Retype exactly every line from the one that includes "How to Upgrade" through the final line of the listing, both ends kept, and omit the pictures.
Input data Block Start
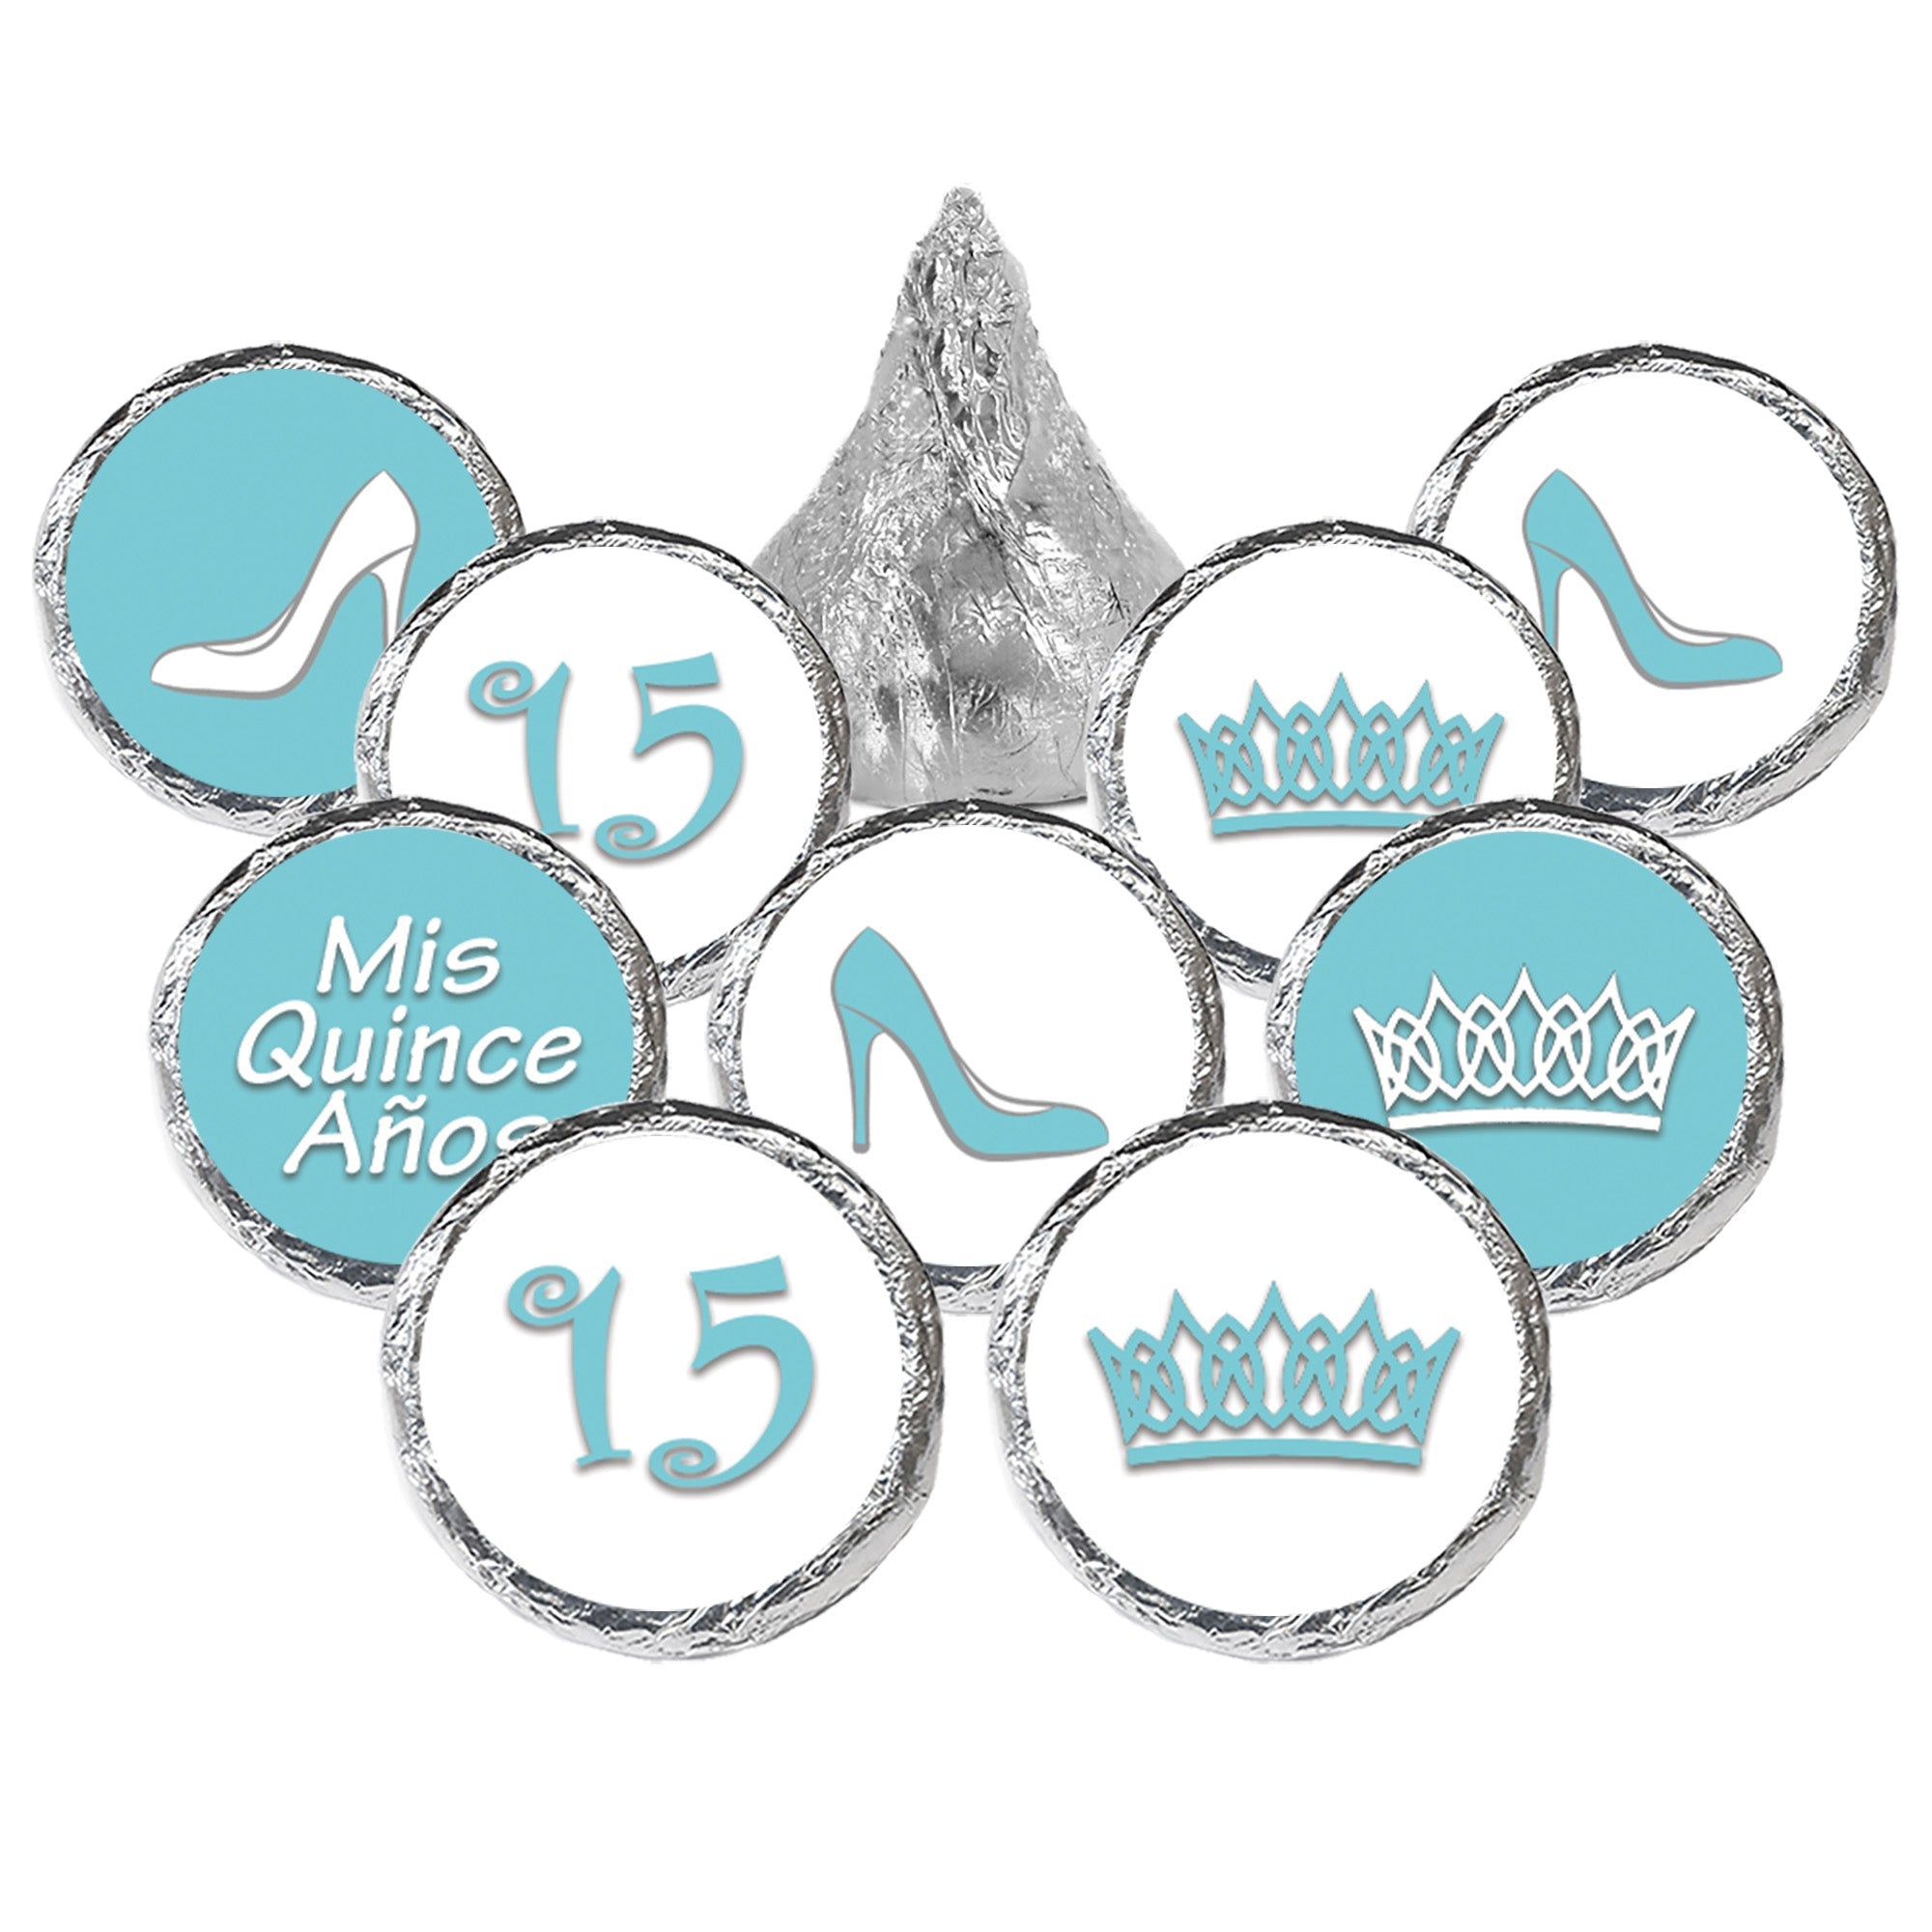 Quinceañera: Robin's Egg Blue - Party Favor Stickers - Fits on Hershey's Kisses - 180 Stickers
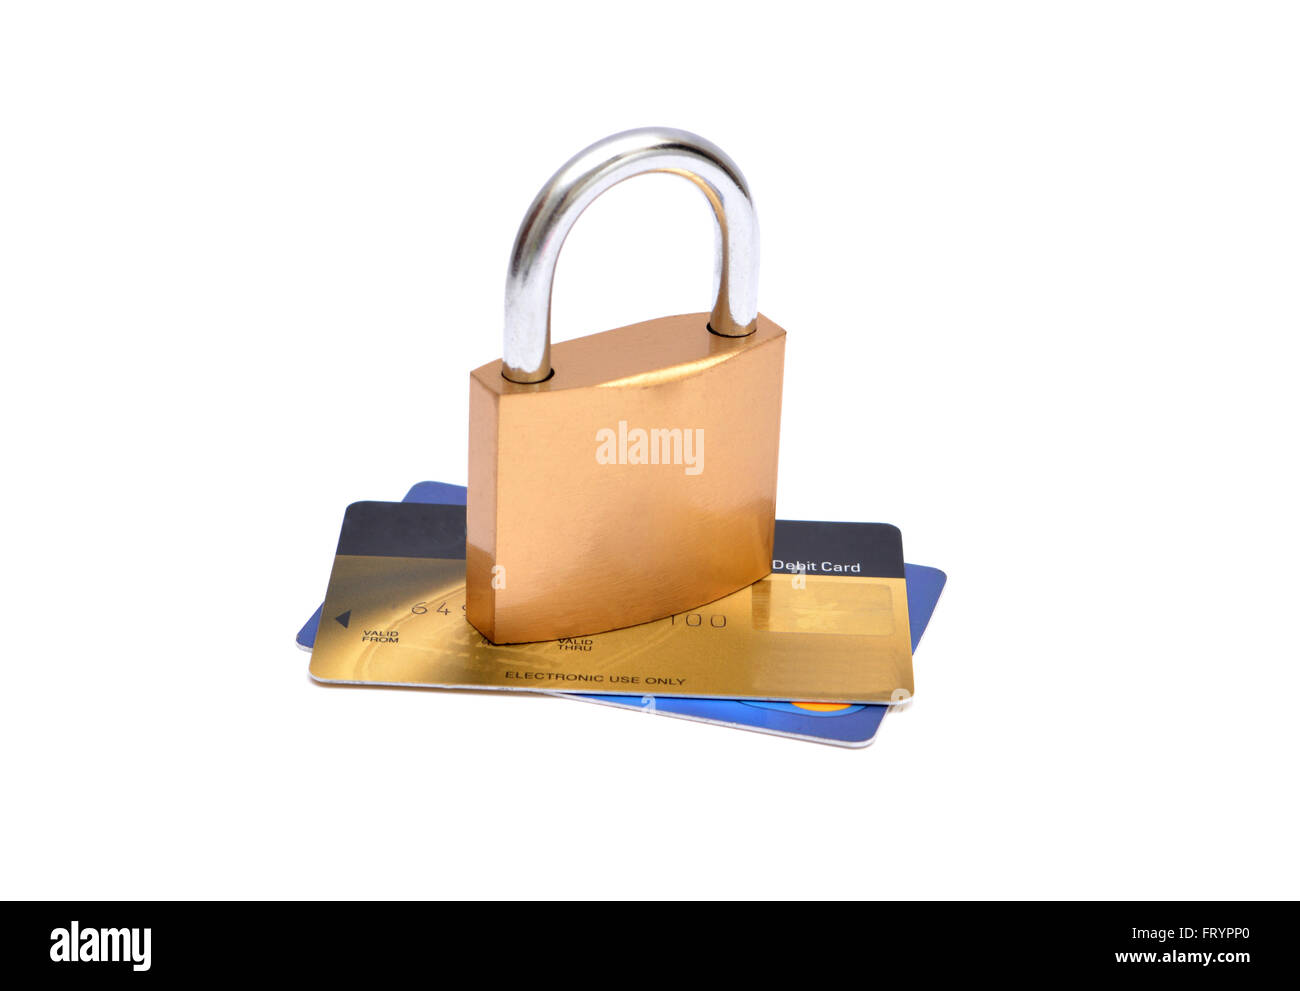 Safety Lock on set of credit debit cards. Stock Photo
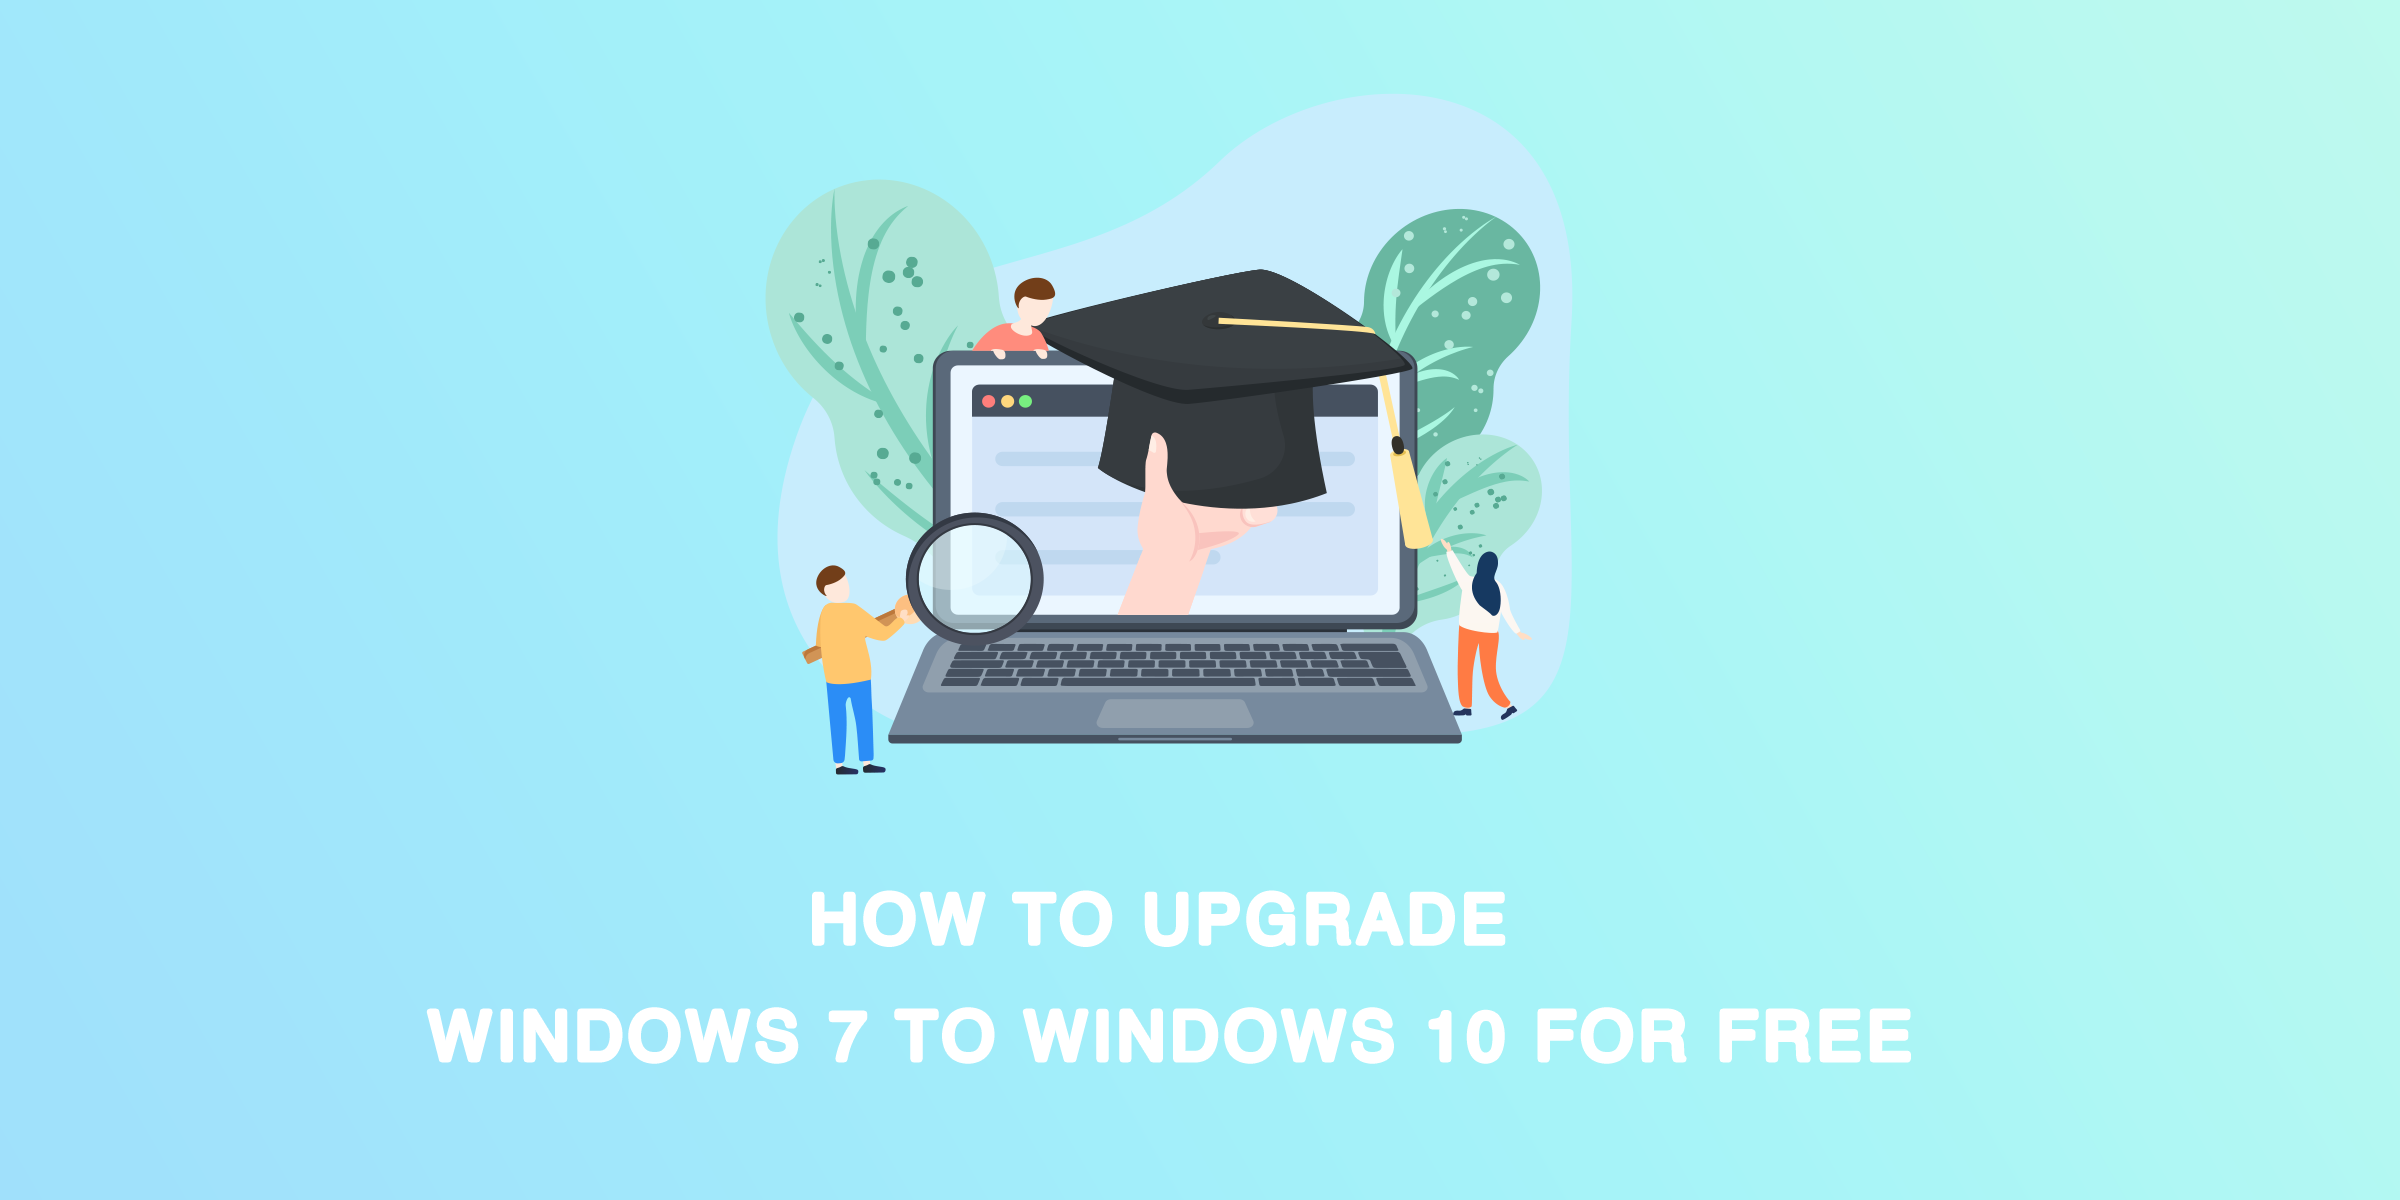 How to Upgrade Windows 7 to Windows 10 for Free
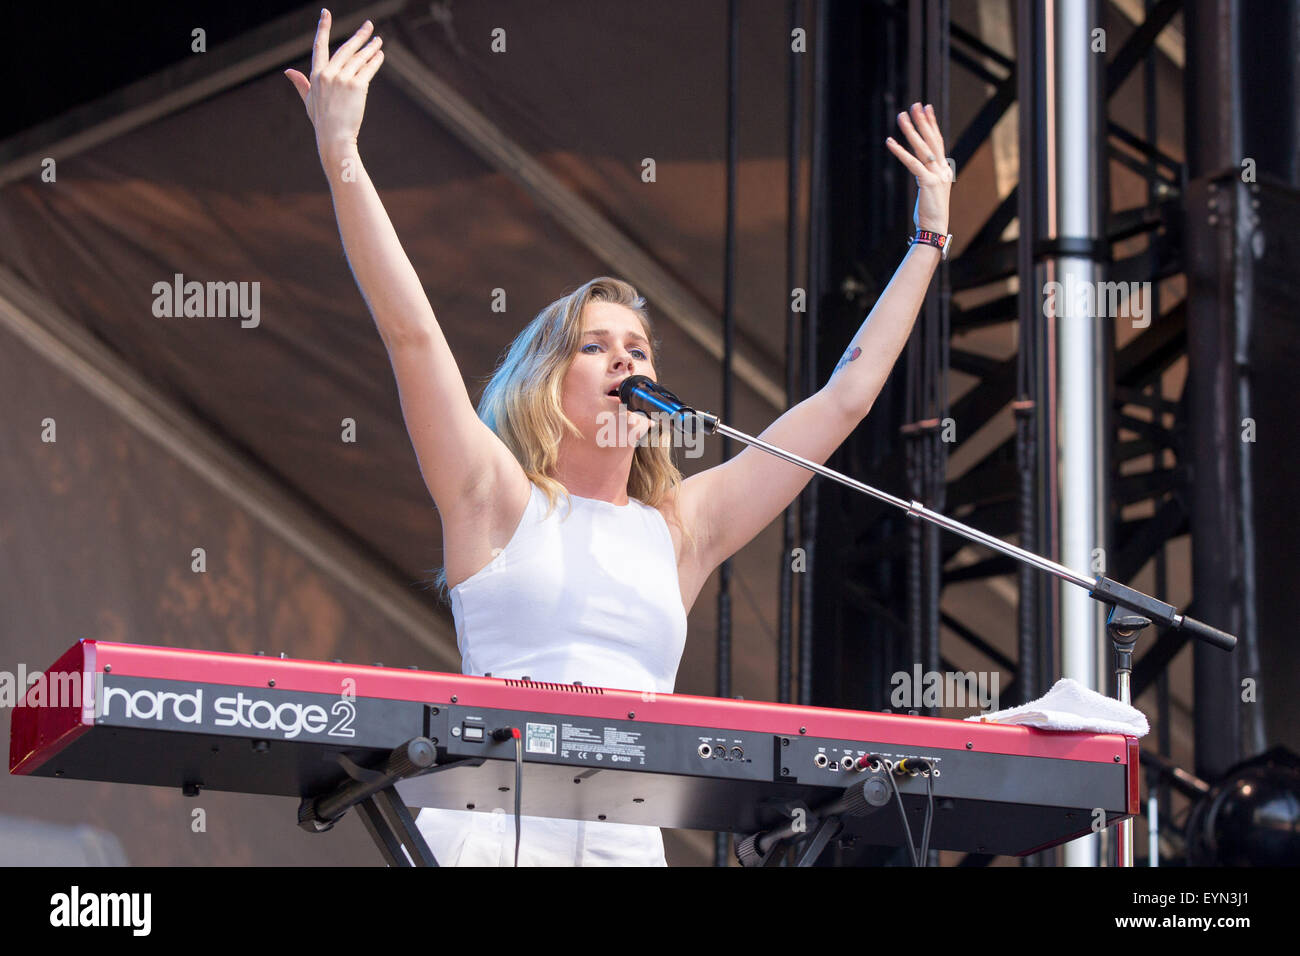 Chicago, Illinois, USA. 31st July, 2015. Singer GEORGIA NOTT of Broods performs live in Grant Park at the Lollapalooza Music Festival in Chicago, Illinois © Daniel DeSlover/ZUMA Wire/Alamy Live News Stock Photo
Input data Block End
> Answer box
 How to Upgrade Windows 7 to Windows 10 for Free
 Chicago, Illinois, USA. 31st July, 2015. Singer GEORGIA NOTT of Broods performs live in Grant Park at the Lollapalooza Music Festival in Chicago, Illinois © Daniel DeSlover/ZUMA Wire/Alamy Live News Stock Photo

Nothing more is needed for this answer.